▸ Information provided:

════════════════

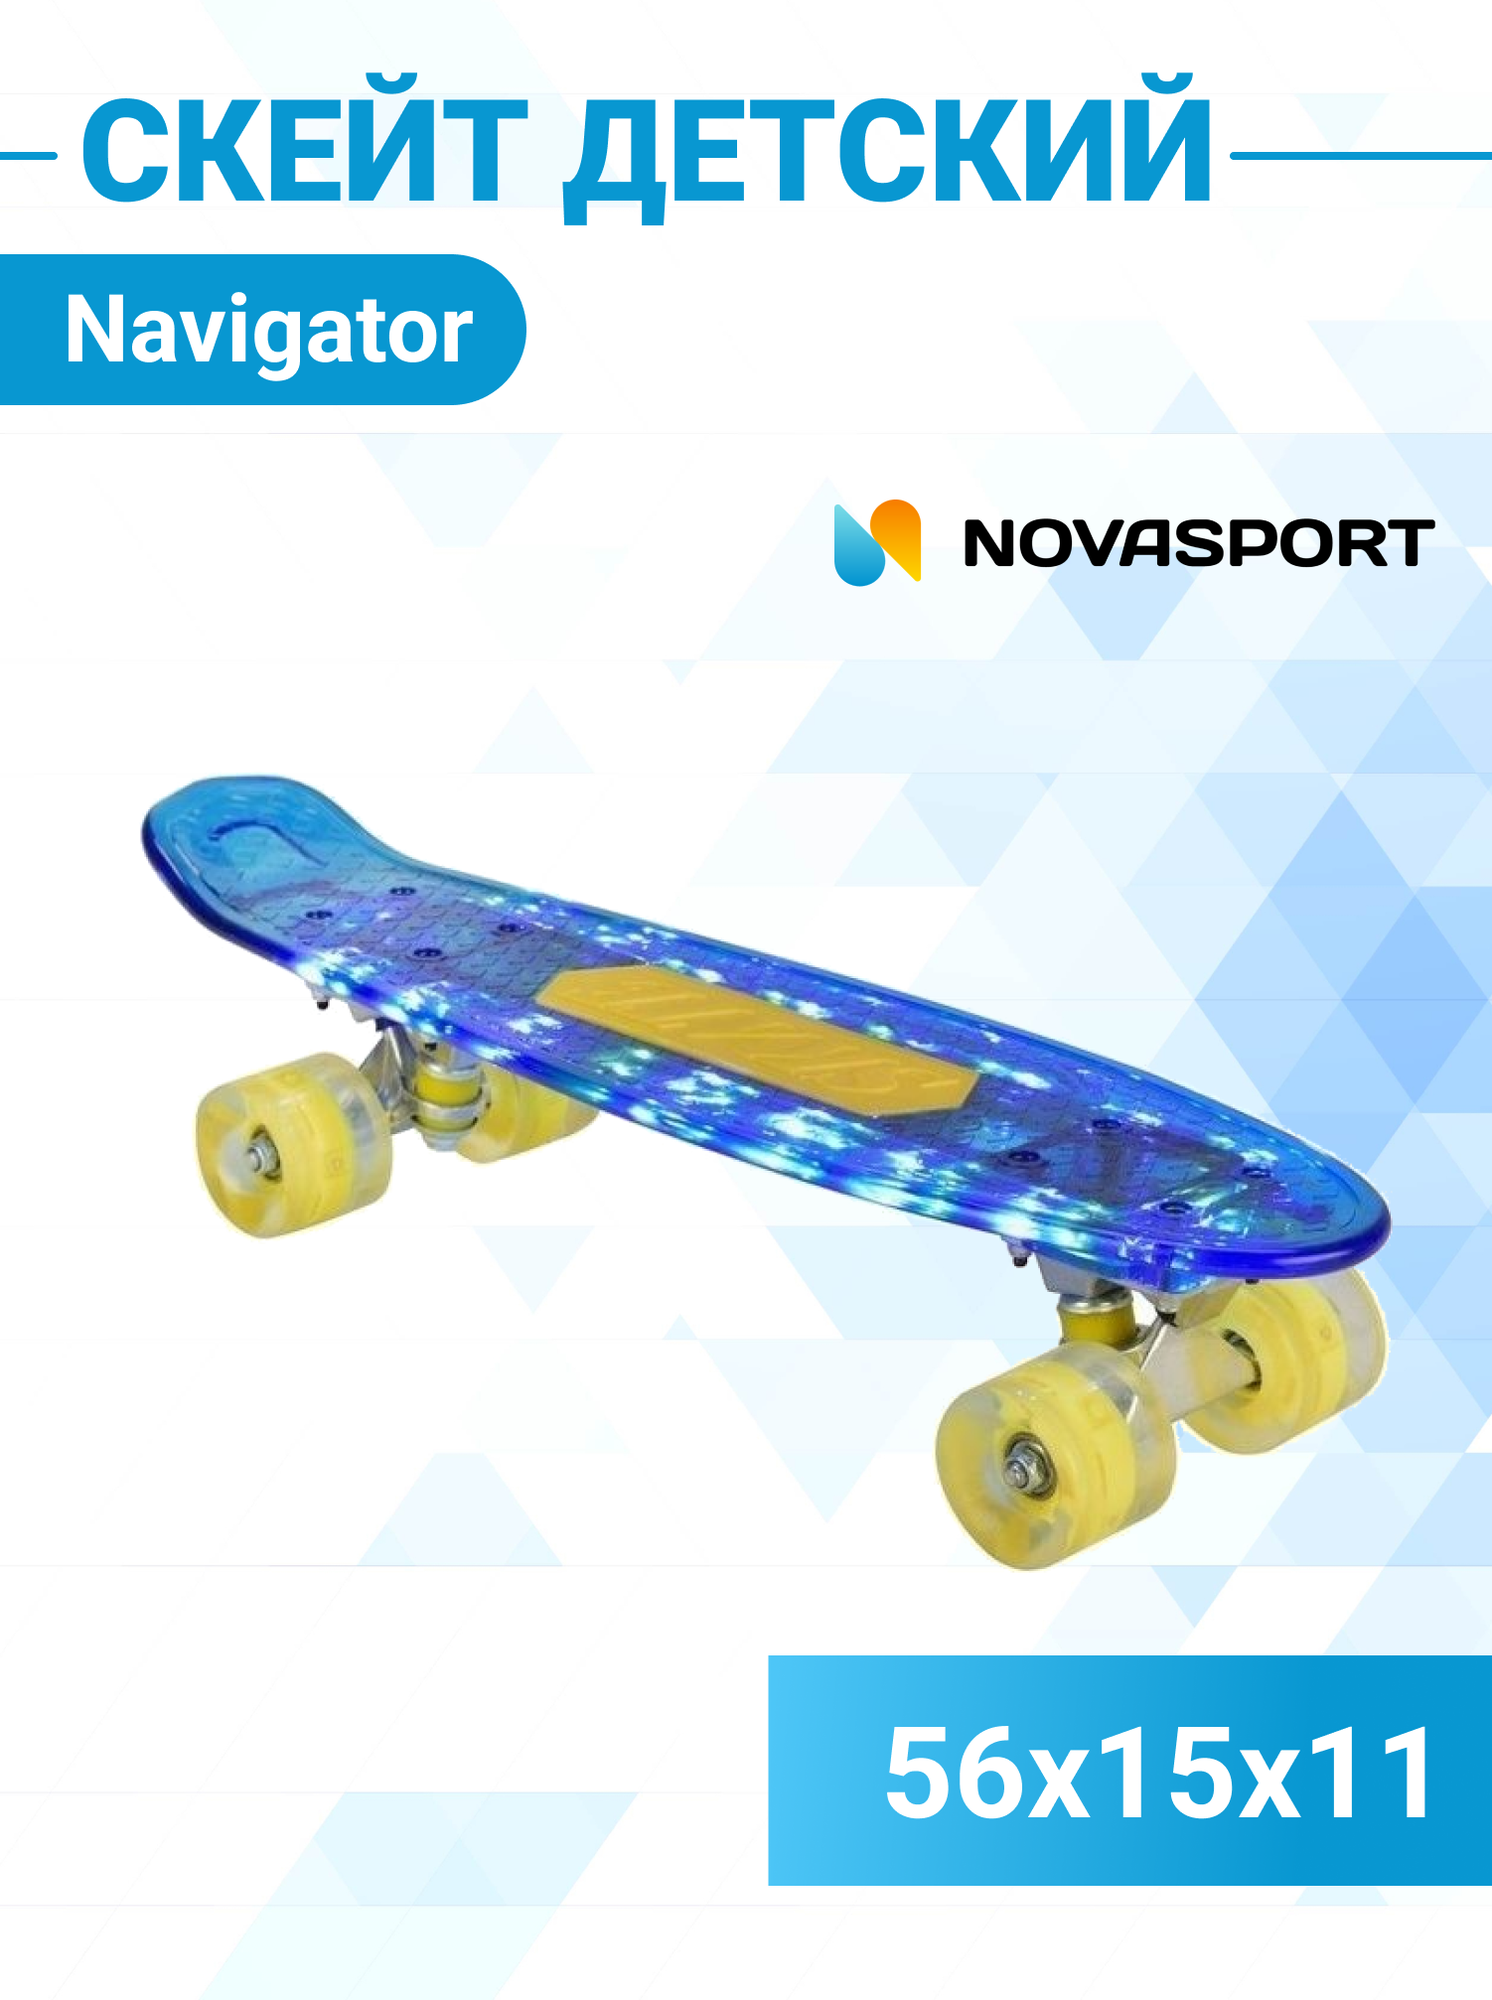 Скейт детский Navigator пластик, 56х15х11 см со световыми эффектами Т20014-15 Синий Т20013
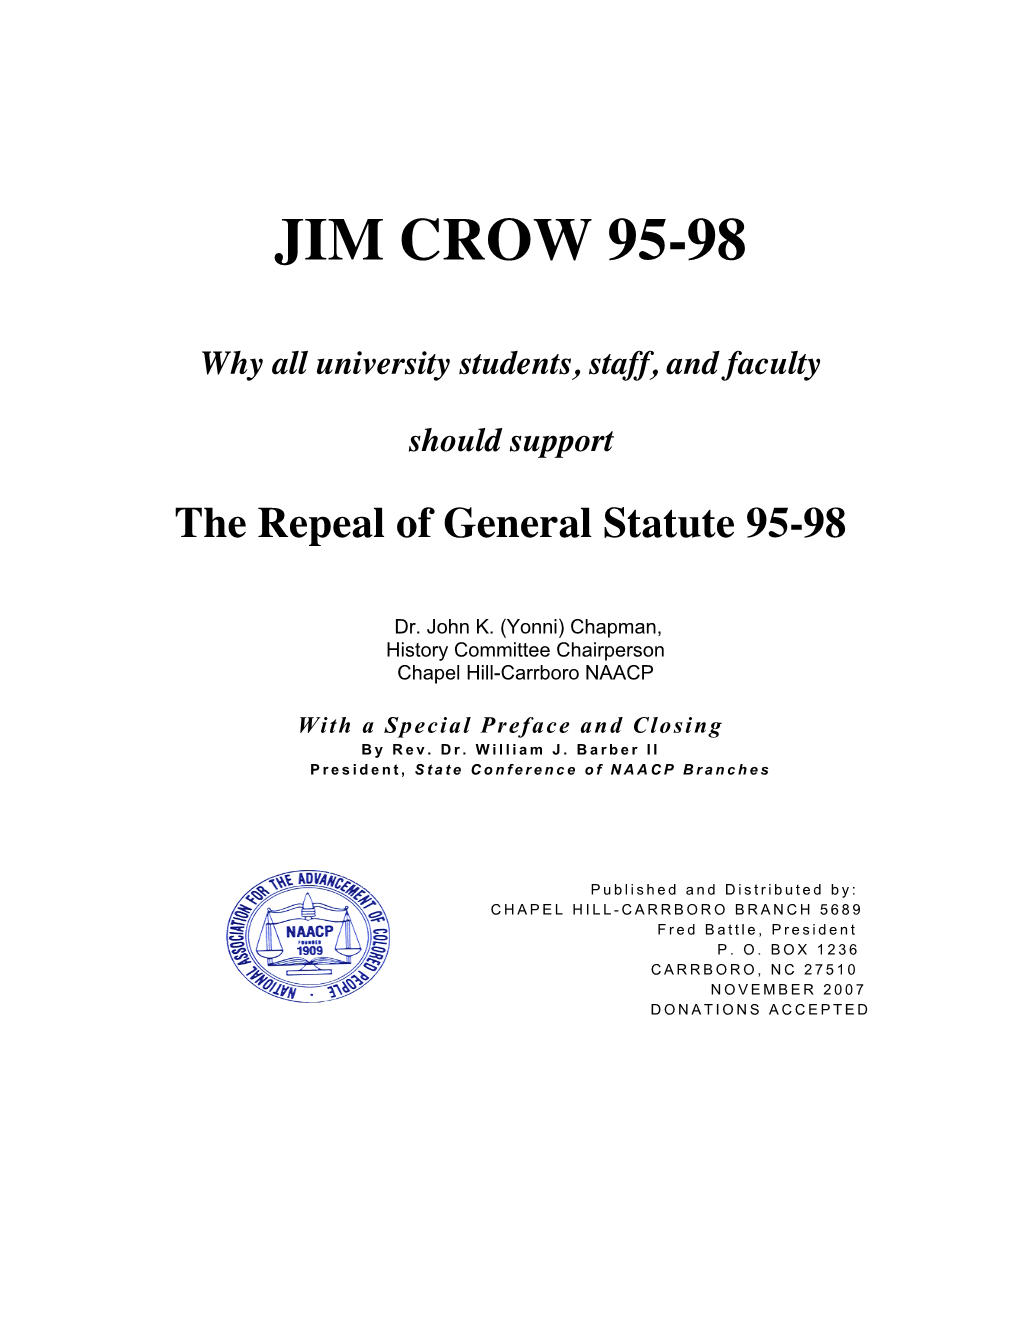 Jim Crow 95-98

════════════════

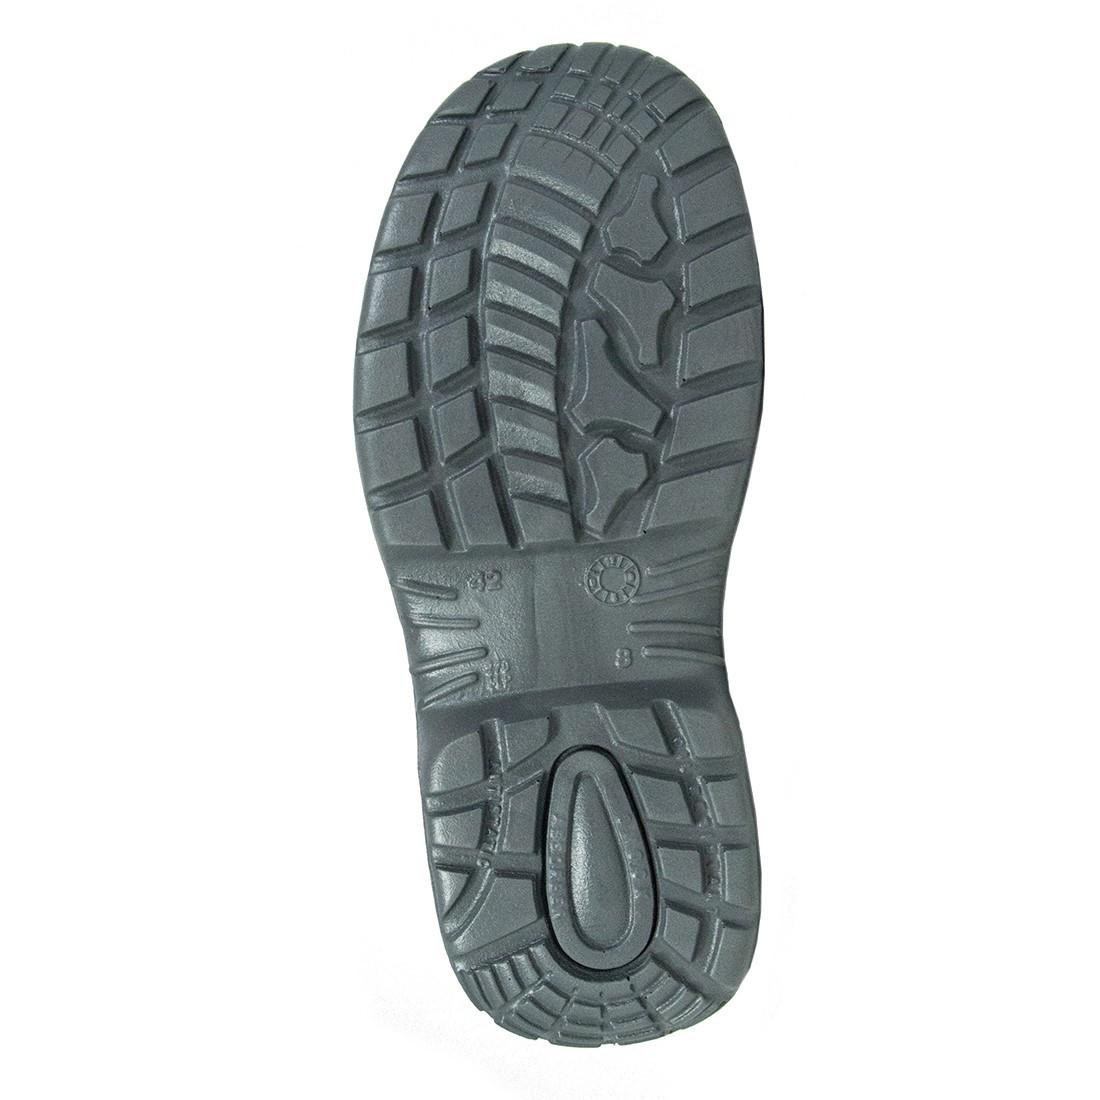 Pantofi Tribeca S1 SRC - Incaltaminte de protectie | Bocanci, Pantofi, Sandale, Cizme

════════════════

Pictures in the entries do not go into the copy. Print only the lines starting at the one containing "Скейт детский Navigator" and ending at the one containing "Jim Crow 95-98", exactly as they appear.

▸ Solved exercise:
 Скейт детский Navigator пластик, 56х15х11 см со световыми эффектами Т20014-15 Синий Т20013
 Jim Crow 95-98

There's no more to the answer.